The victim was awarded £12,000 (US$15,549) in compensation for an attack the court described as “extremely intense and particularly degrading.”
The judges rejected a claim by the accused that they were unaware the girl was under 16 and so below the age of consent.
Altamira Gonzalo, of the female jurists’ group Themis, condemned Thursday’s verdict.
“The Barcelona court continues to believe that women must put up a heroic resistance,” Gonzalo said. “They have taken a benevolent view of men who, with their trousers round their ankles, took turns at raping a 14-year-old girl who, as well as being under the effects of alcohol, was in a situation where she couldn’t defend herself.”
“The judges have had no difficulty seeing this from the point of view of the aggressors, but that not of the victim,” she added.
The attack took place at a party in an abandoned factory in October 2016. The case has been dubbed the “Manresa manada,” after the notorious case of the five men calling themselves La Manada, or the “wolf pack,” who were jailed for 15 years earlier this year for the rape of an 18-year-old woman during the running of the bulls in Pamplona in 2016.
The Pamplona case led to an outcry and public protests after the judges initially ruled that the victim, who had only met the accused 20 minutes before the attack took place, consented to oral, vaginal and anal sex with all five of them.

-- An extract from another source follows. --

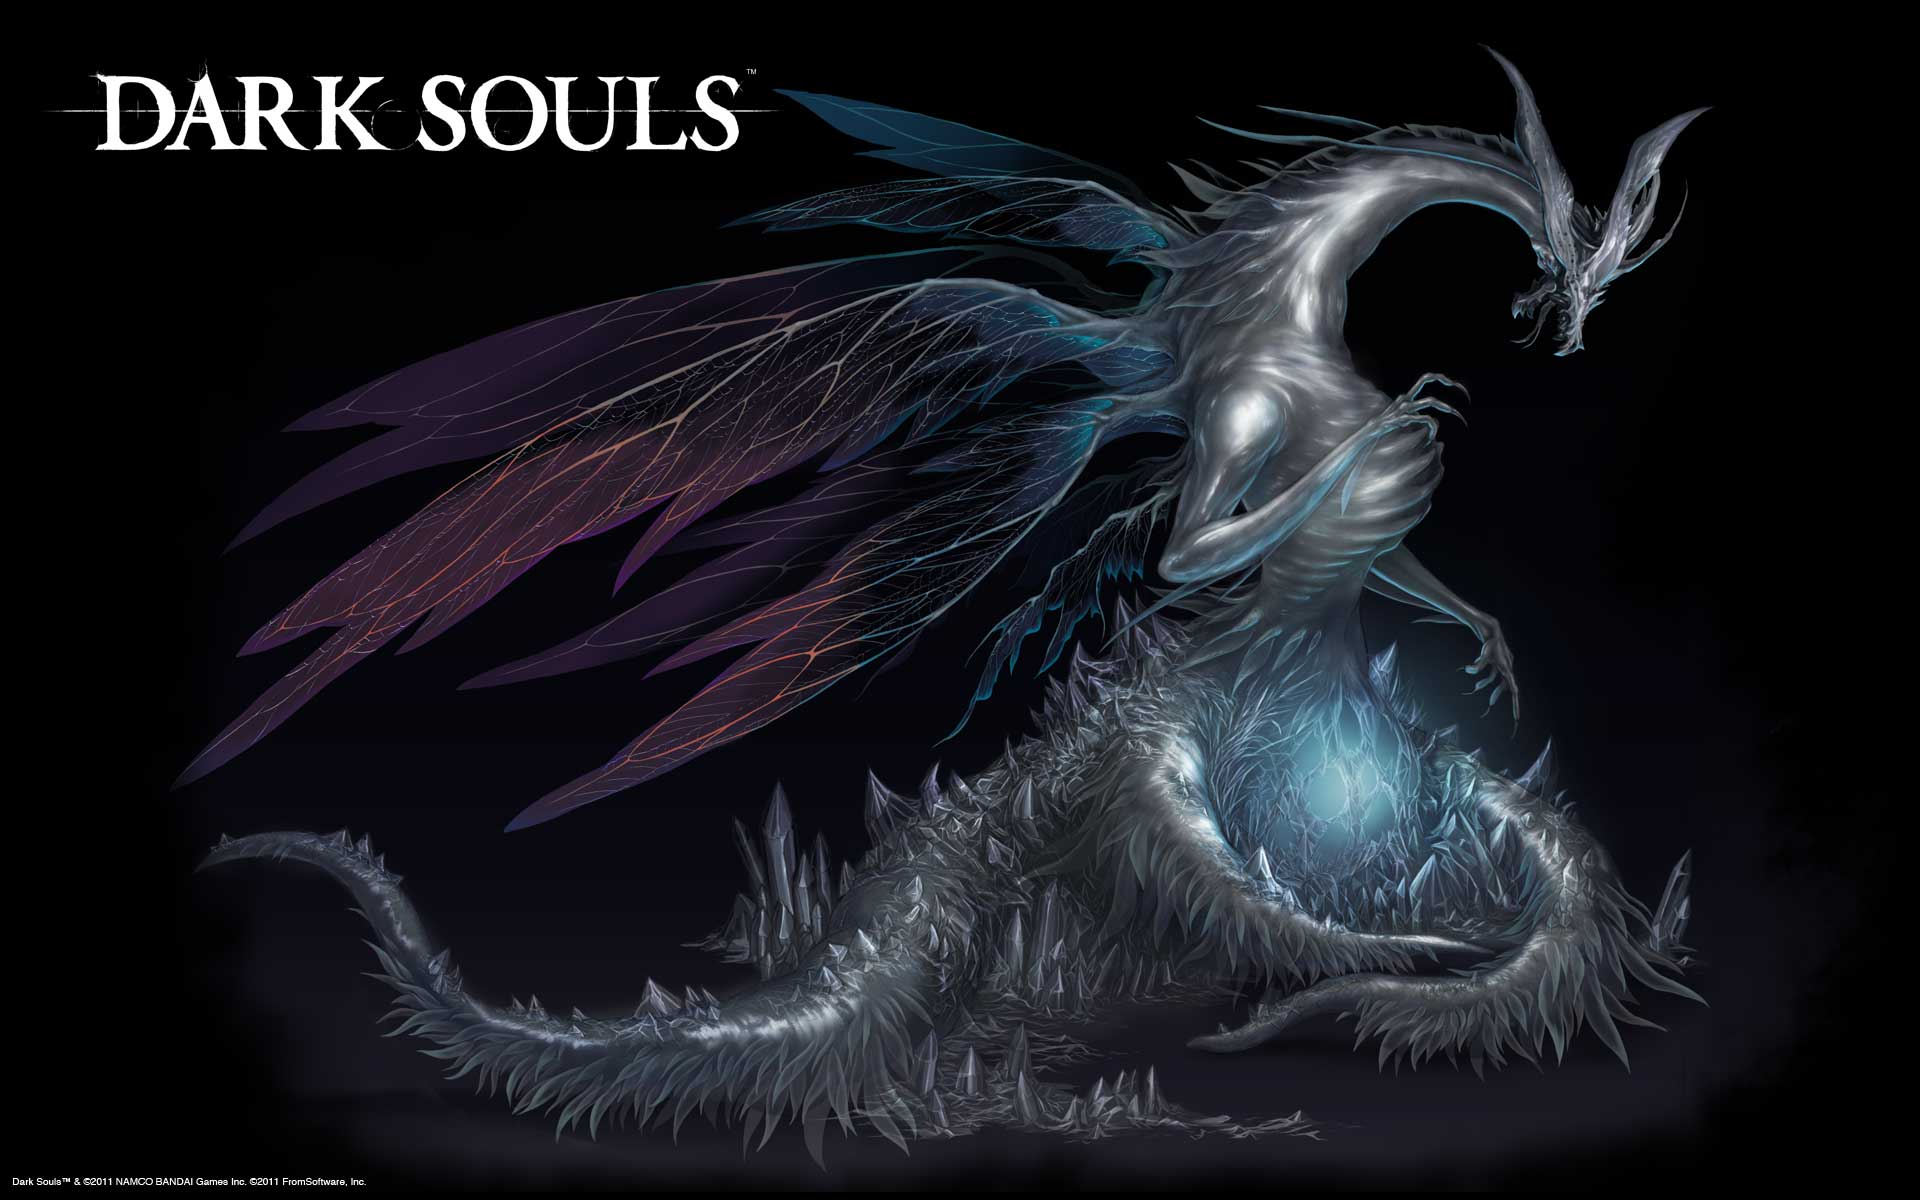 Wallpapers dark souls wiki dark souls wallpapers voltagebd Image collections

Giving evidence in July, the Manresa victim said that one of the accused was a friend with whom she had sexual relations a week earlier and whom she trusted.
She said that he was the one who led her to the shack where he raped her and then invited his friends to do likewise, telling them they each had 15 minutes.
A lawyer at the Madrid branch of Women’s Link, an international group dedicated to advancing women’s rights, said that in Spain, whether an act constitutes as statutory rape hinges depends on if violence and intimidation were used, with the criteria the same for minors and adults.